Judge Bruce Schroeder, who presided over the case, was even forced to bar MSNBC from the courtroom following reports that journalists from the news outlet were following the jury bus in an attempt to expose the identities of jury members. Such a move was likely intended to ramp up public pressure for a guilty verdict.
But while the Rittenhouse case is the latest example of the media circus that now seemingly surrounds any high-profile court case, it’s hardly the first: conservatives have come to know all too well in recent years that establishment media entities are more than willing to set aside factual accounts of tragic events to advance the progressive left’s preferred narrative.
This phenomenon can be traced back to at least 2011, when the media became obsessed with a narrative claiming that George Zimmerman, a Hispanic male, was a white supremacist keen on murdering black men—even though the jury ultimately found that the facts demonstrated Zimmerman was acting in self-defense. The same left-wing media complex then spent years pushing a completely false storyline about a police-involved shooting in Ferguson, Missouri, which resulted in heavy rioting and was used to push the idea that every police force in America is systemically racist. This notion was ultimately normalized and contributed to the nationwide burning of cities and the “Defund the Police” movement several years later.
In nearly every such controversial case, the narratives propagated by the media turned out to be at best grossly misleading and at worst irrefutably false. There is no clearer instance of this blatant media dishonesty than the now-infamous “hands up, don’t shoot” slogan, which became a rallying cry for activists based on the false notion that Michael Brown—who was fatally shot by officer Darren Wilson—raised his hands and calmy told Wilson “Don’t shoot.” Even though investigations into the incident unequivocally established that this did not happen—and that Wilson was justified in killing Brown out of self-defense—the “hands up, don’t shoot” narrative nevertheless took root. As journalist Christopher Caldwell wrote in reference to the Ferguson riots, “The country’s official culture” is “now squarely on the side of the protests”—even if any “neutral reading of the evidence” proves to the contrary.
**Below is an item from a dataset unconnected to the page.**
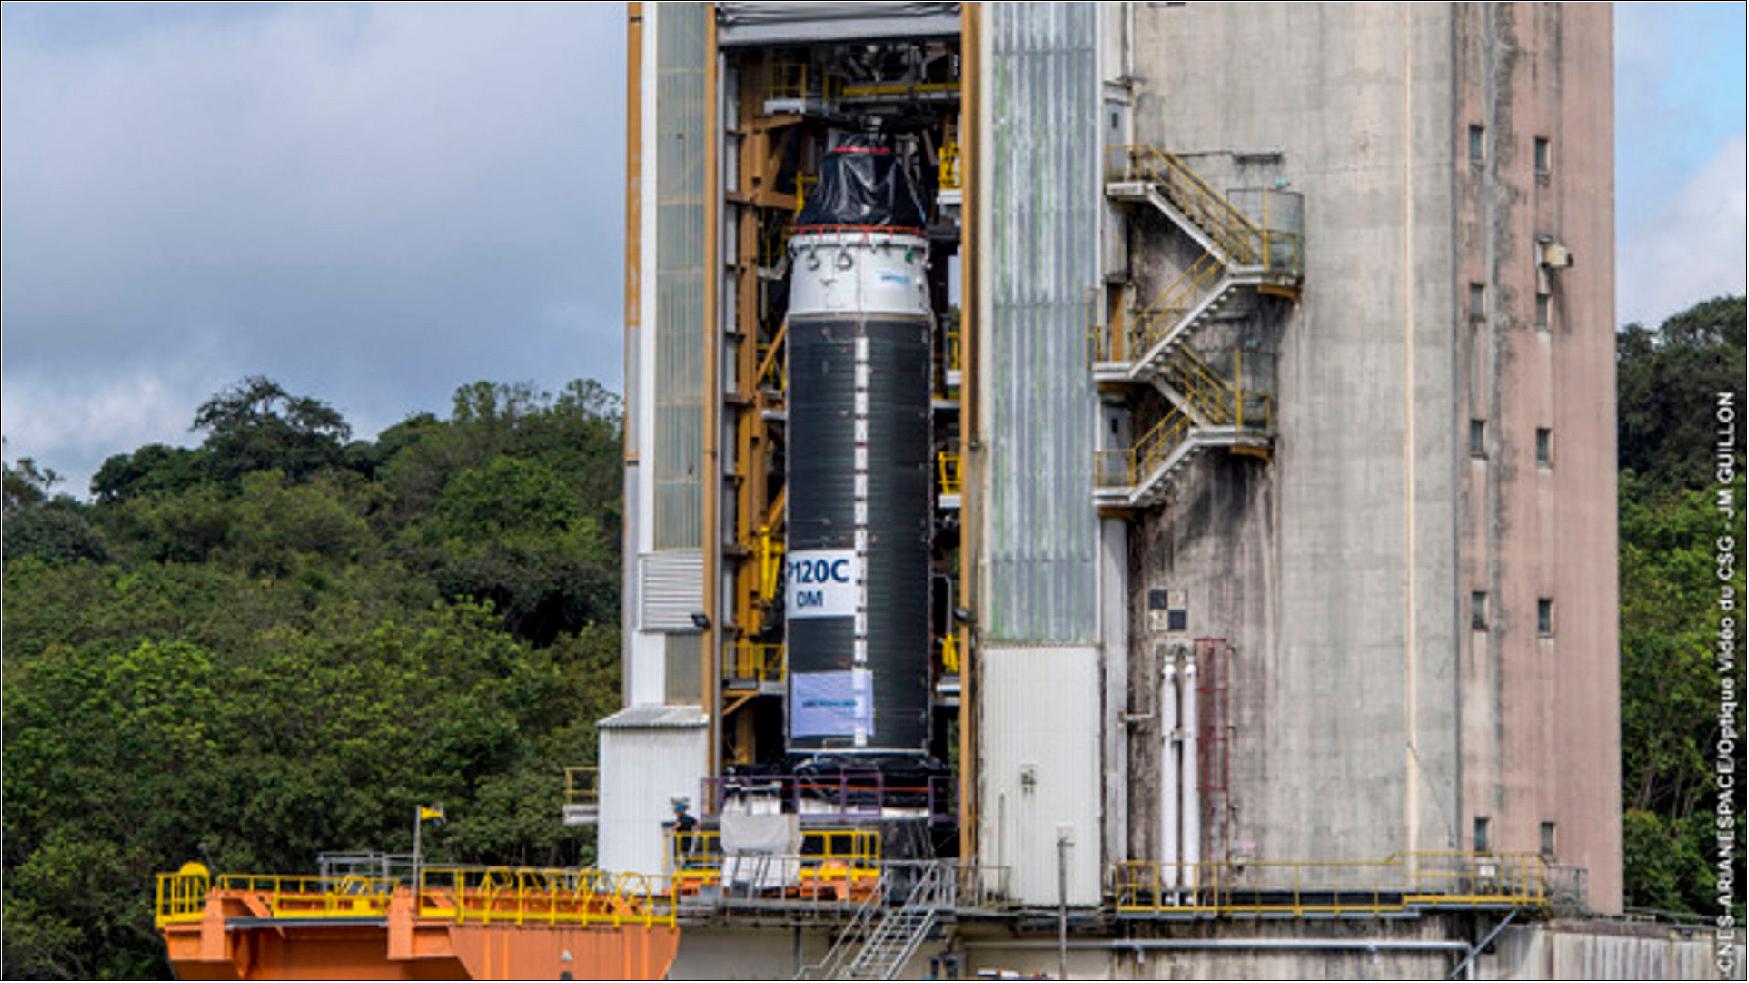 Figure 110: Largest-ever solid rocket motor poised for first hot firing (image credit: ESA/CNES/Arianespace)
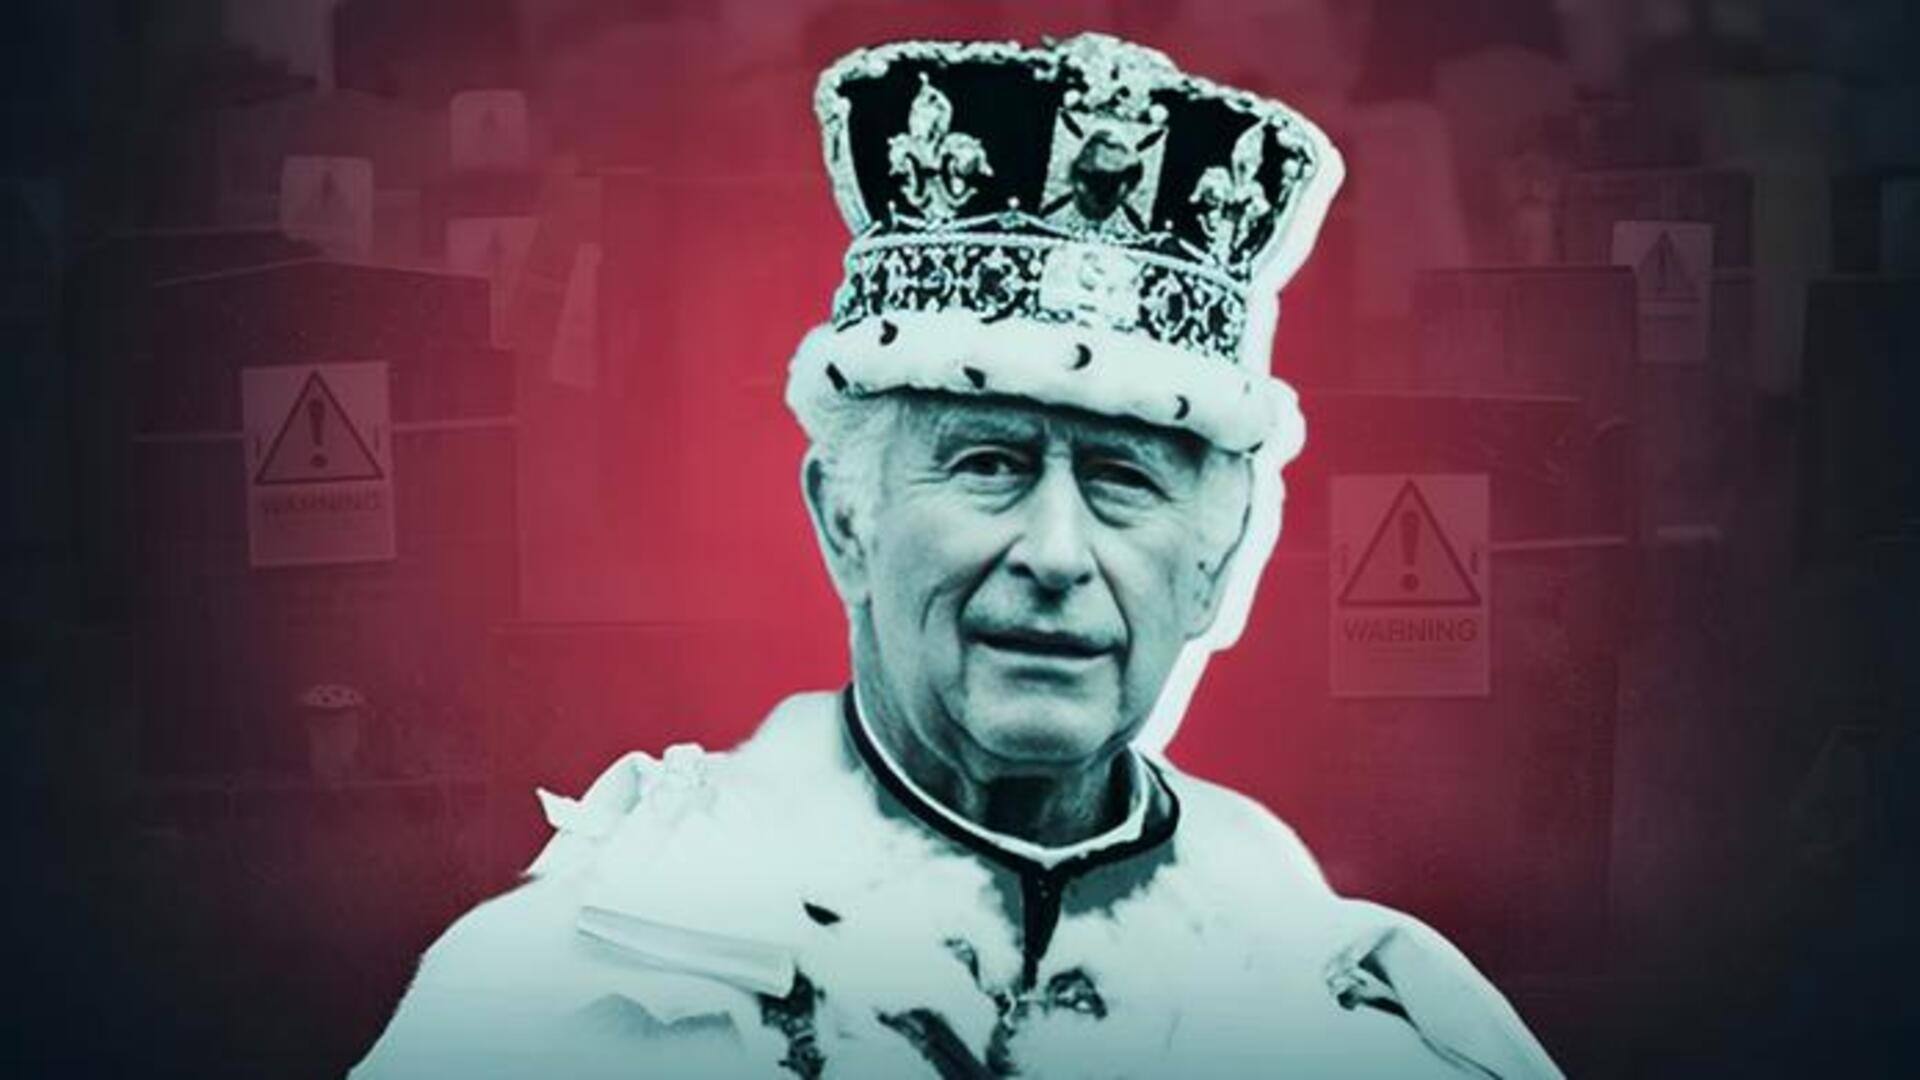 UK's King Charles allegedly benefiting from dead people. Here's how

Of course, the media’s tendency for narrative-building and hoaxes is not limited to police encounters. For years, the media has routinely and intentionally misled the public about their political enemies, slandered high school students as raging white supremacists, and aided in left-wing schemes to advance accusations of systemic racism in every domain of American life.
This standard has become disturbingly commonplace on Capitol Hill, in newsrooms, and on college campuses throughout the country. It is thus refreshing and reassuring that the jury saw the 15-month-long smear campaign against Rittenhouse for what it was.
Yet just because justice prevailed this time does not mean it will in the future. The most important lesson from this case – for the media and the general public – may be that the American people should remain vigilant in anticipation of more attempts by the radical left to rewrite history and dispense with the truth in order to advance their progressive narratives. The future of the nation may depend on it.